# What is required:
Provide an exact copy of the data, excluding the images.

# Information provided:
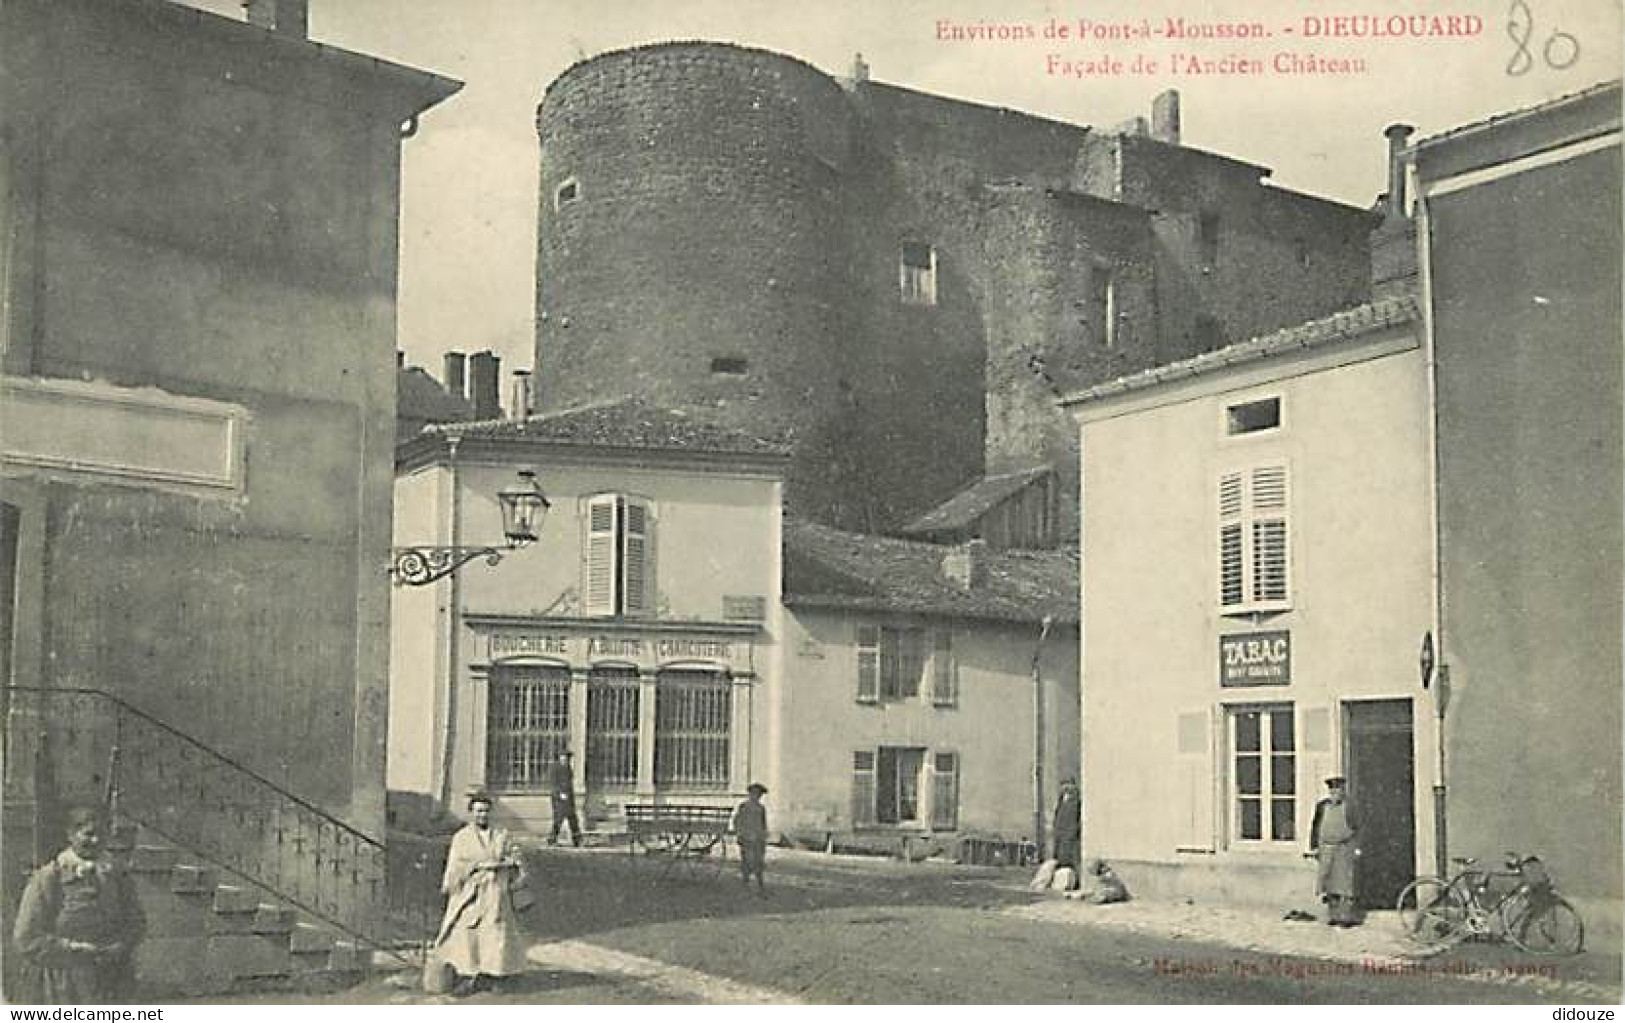 54 - Dieulouard - Façade De L'Ancien Château - Animée - CPA - Voir Scans Recto-Verso - Dieulouard
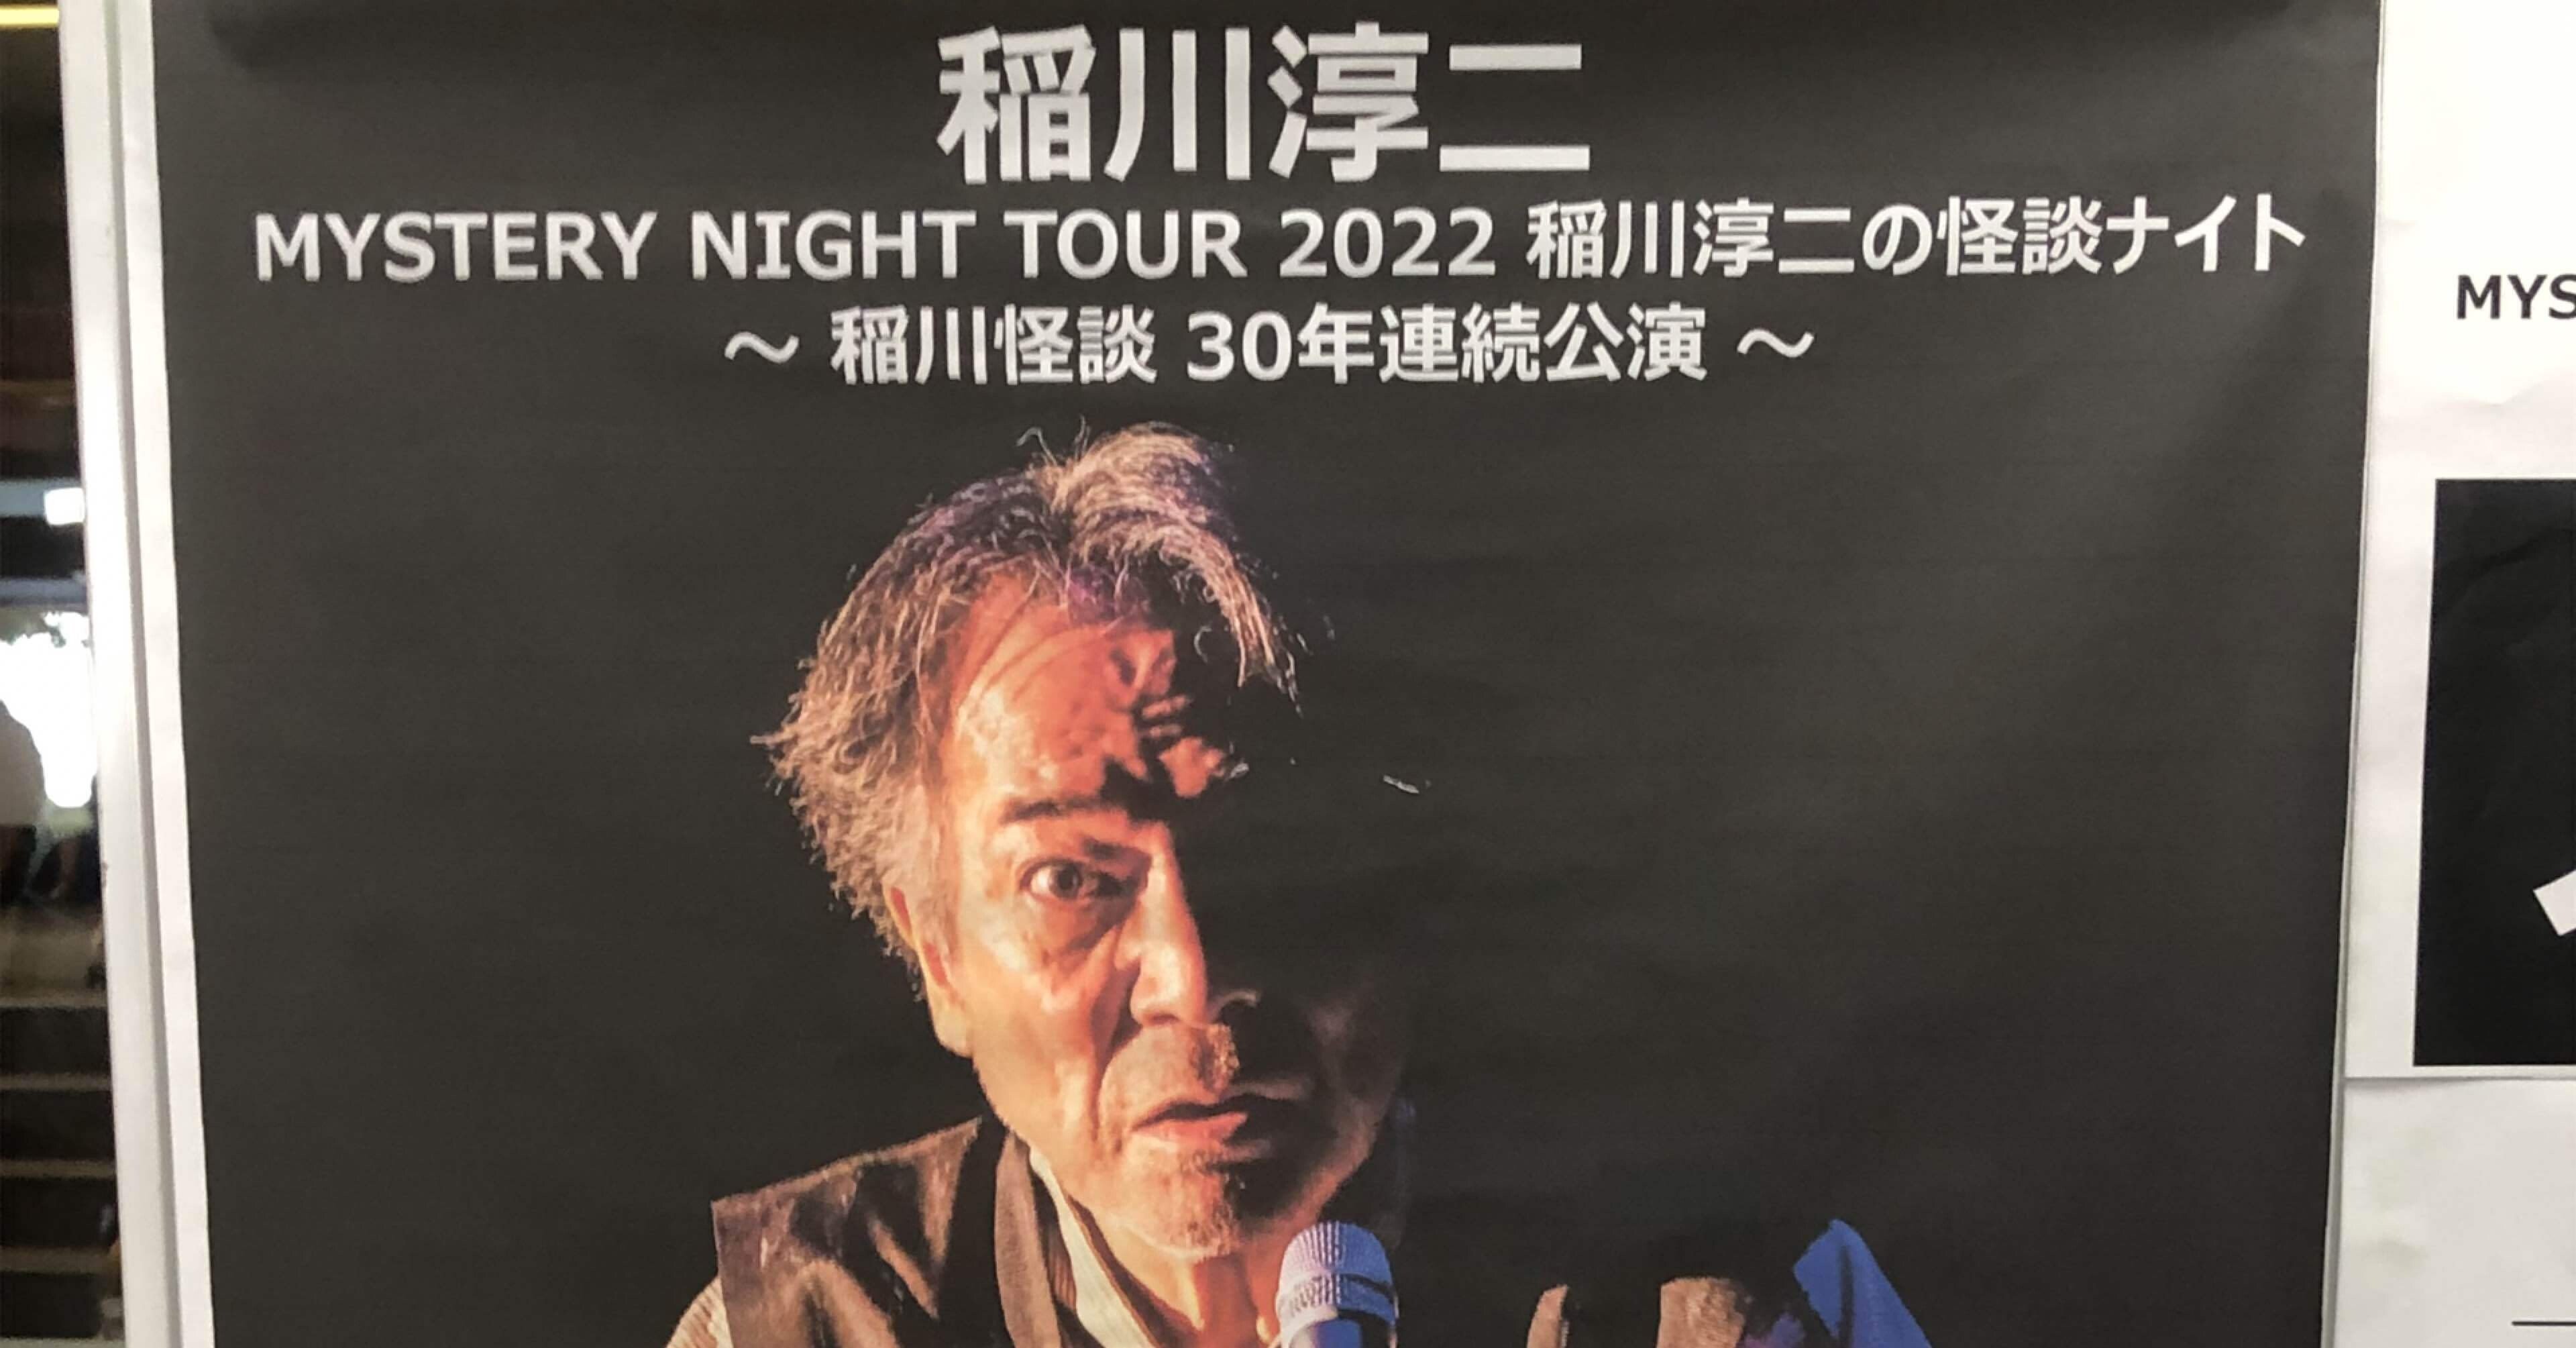 『MYSTERY NIGHT TOUR 2022 稲川淳二の怪談ナイト』観覧記録
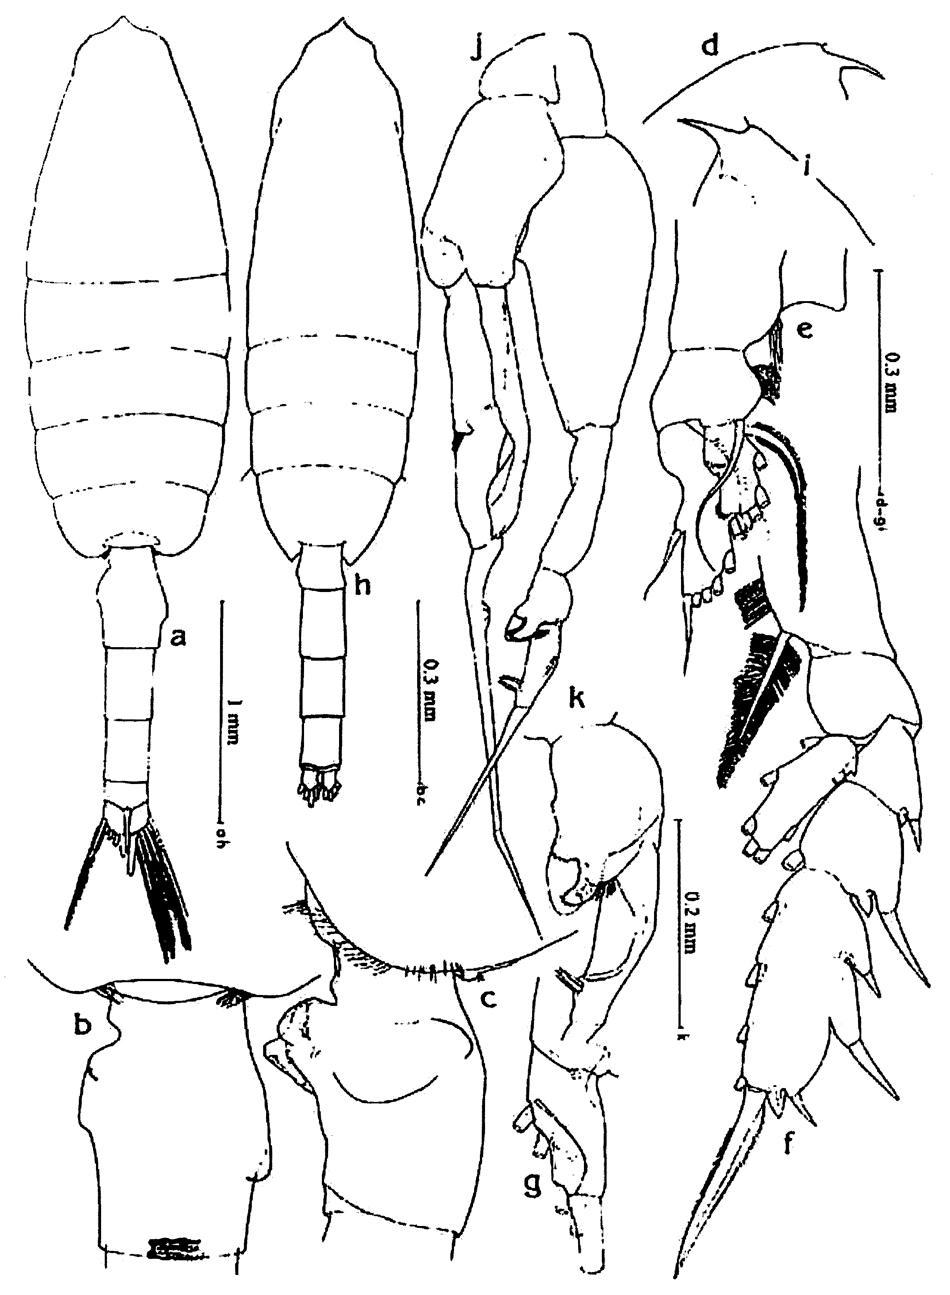 Species Euchaeta media - Plate 23 of morphological figures

# Response area:
 54 - Dieulouard - Façade De L'Ancien Château - Animée - CPA - Voir Scans Recto-Verso - Dieulouard
 『MYSTERY NIGHT TOUR 2022 稲川淳二の怪談ナイト』観覧記録
 Species Euchaeta media - Plate 23 of morphological figures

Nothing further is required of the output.